I nonni Primo e Fiorina, due vecchietti di montagna ben piantati e incartapecoriti, accolsero il nipotino a furia di baci, carezze e un milione di domande, fra le quali «Come va la scuola?» e «C’è qualche bambina che ti piace?». Il fervore della prima accoglienza, però, non eguagliò la magnificenza del pranzo: gnocchi di farina di polenta e patate serviti in un mare di burro e formaggio, spezzatino di cinghiale con polenta e torta al cioccolato e zucca; senza dimenticare la sacra grappa alla genziana distillata da nonno Primo, un vero toccasana per la digestione.
Dopo pranzo i genitori di Bastiano ripartirono per tornare a casa. Era stata una buona scelta quella di lasciare il figlio dai nonni, così anche loro sarebbero riusciti a rilassarsi per qualche giorno.
Quando i genitori ripartirono, il bambino era così emozionato che quasi si dimenticò di salutarli, tanto era impegnato a parlare con la nonna a proposito della zucca che avrebbero esposto fuori dall’abitazione.

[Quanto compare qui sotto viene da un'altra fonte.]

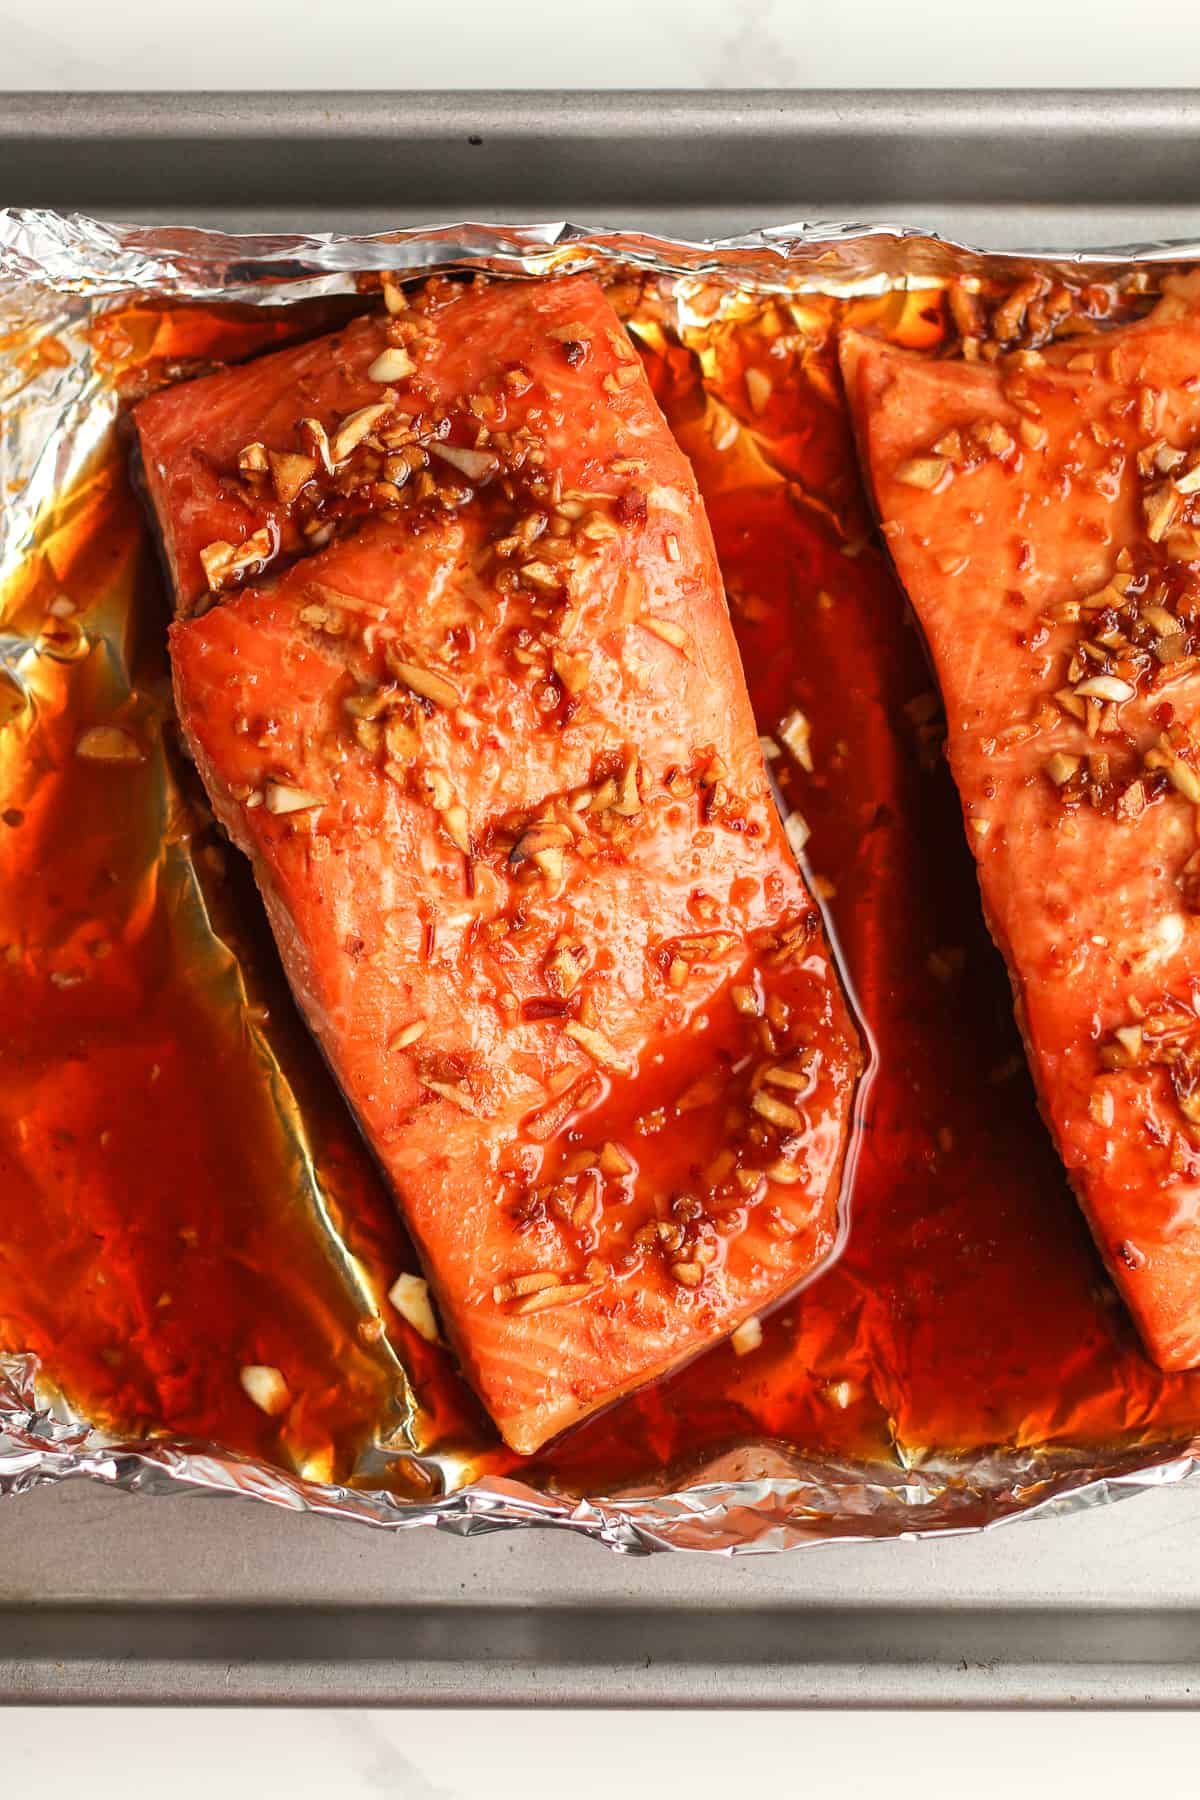 Overhead shot of a chunk of baked salmon with marinade.

Dopo un breve riposino, nonni e nipote andarono a raccogliere una delle zucche dal campo comune situato appena fuori dal paese. In quel piccolo appezzamento di terra, gli spiegò Fiorina, ogni abitante capace coltivava un buon numero di zucche così da permettere che tutti ne potessero usufruire nella notte del 31 ottobre, sia per esporle, sia per cucinare ricette tradizionali il cui profumo invitante avrebbe avvolto l’intero paese. Era un’antica regola che andava avanti dall’alba dei tempi, da quando i primi abitanti che si stabilirono nella zona cominciarono a rendere onore ai propri defunti nel Capodanno celtico. Bastiano ascoltava affascinato, e allo stesso tempo adorava tutto di quel paese: le vecchie case in pietra, le fontane da cui sgorgava acqua ghiacciata purissima, i piccoli viottoli tra una casa e l’altra e, soprattutto, l’aria che trasportava il profumo di legna arsa nella stufa.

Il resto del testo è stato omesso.